Abordant des questions comme l’épanouissement et la reconnaissance, "Down with the King" fait cohabiter des univers a priori incompatibles, en insérant du gangsta rap dans un territoire où dominent les activités agricoles (le Massachussetts, plus souvent filmé du côté de Boston que dans ces zones rurales de faible densité). C’est donc avec ébahissement et délectation que l’on découvre l’inattendu exercice de flow du fermier Bob, ou que l’on assiste à l’affectueuse relation entre l’artiste et une locale qui ne correspond aucunement à l’image caricaturale des femmes dans les clips de rap.

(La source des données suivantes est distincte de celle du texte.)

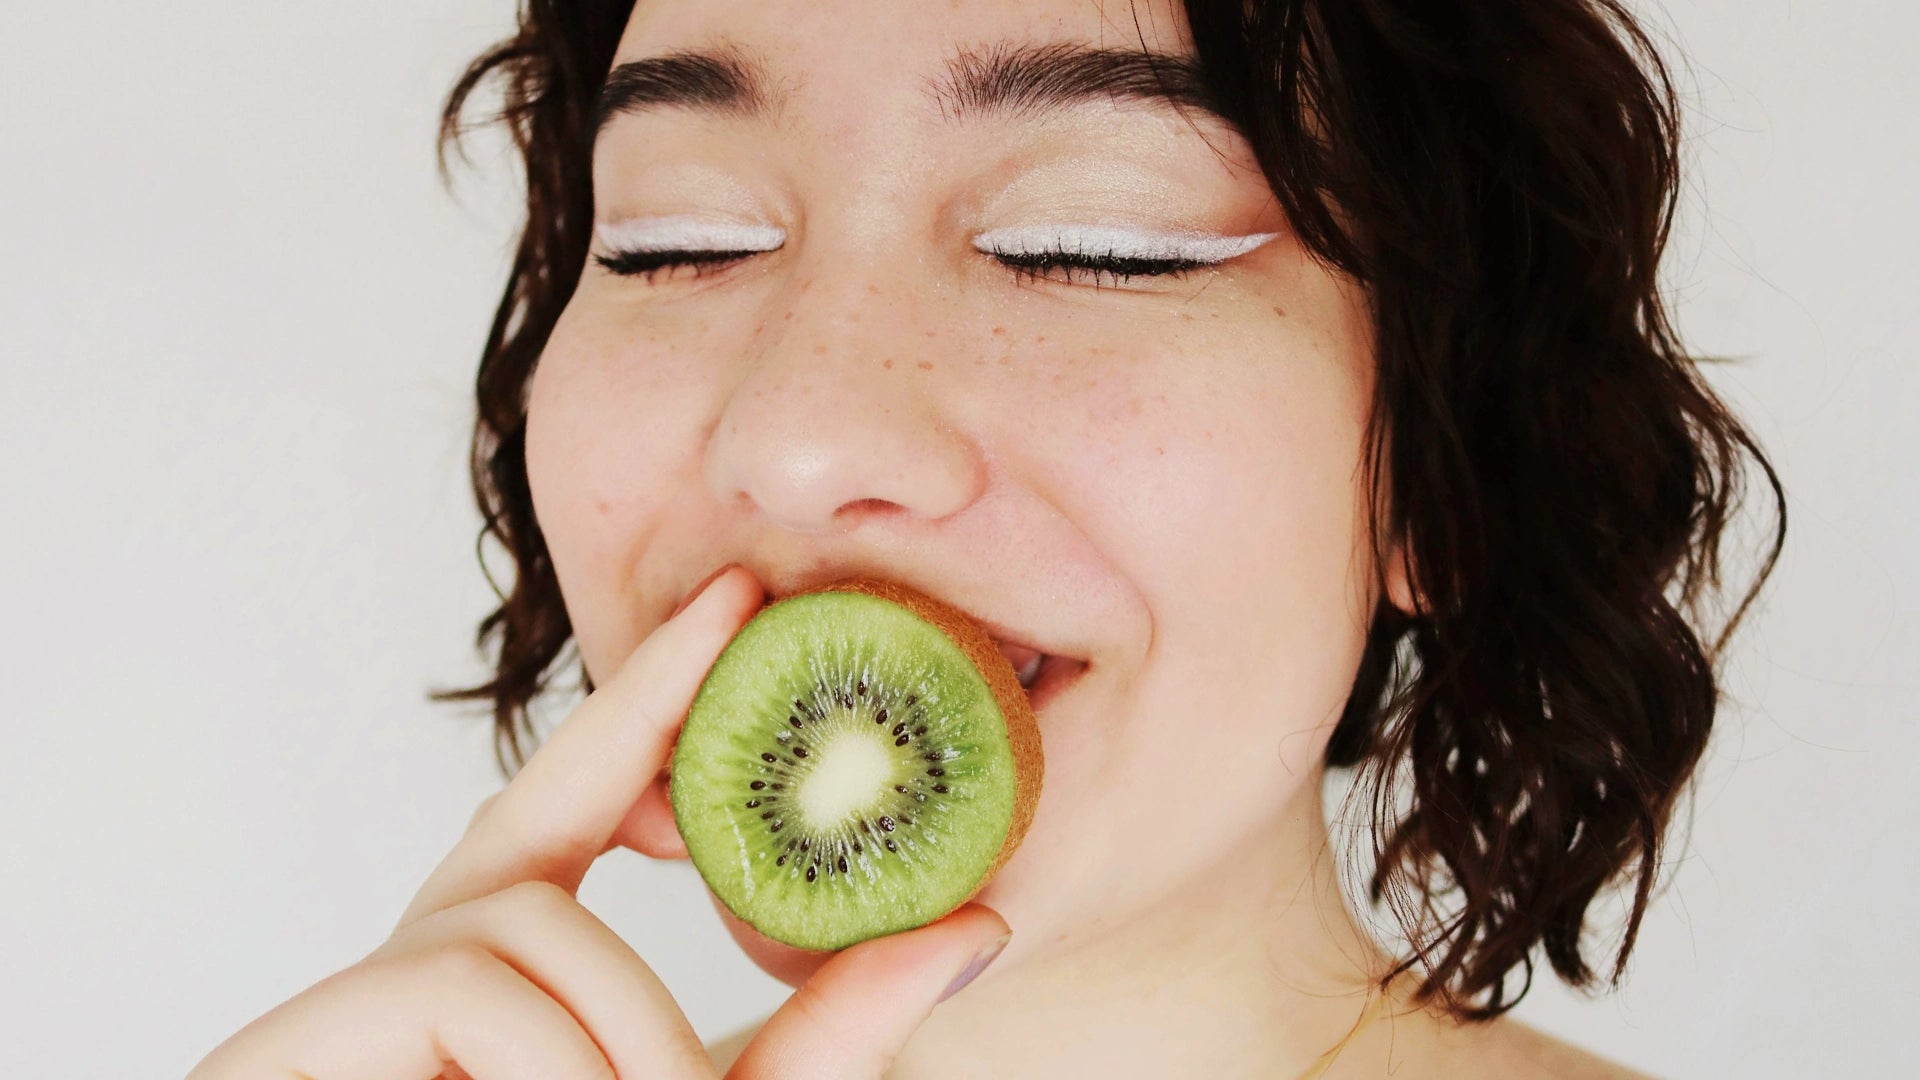 Girl holding a kiwi over her mouth

Parvenant à instaurer une prodigieuse fluidité dans la dissonance, ce long métrage perd un peu en souffle durant sa dernière demi-heure mais reste séduisant jusqu’au bout, entre autres grâce aux protagonistes impeccablement incarnés par Freddie Gibbs (vrai rappeur qui fait, des débuts prometteurs à l’écran), Bob Tarasuk (vrai bûcheron-fermier que Diego Ongaro avait déjà filmé dans un court puis dans son premier long, tous deux intitulés "Bob and the Trees") et Jamie Neumann (vraie actrice qui mériterait d’être plus connue).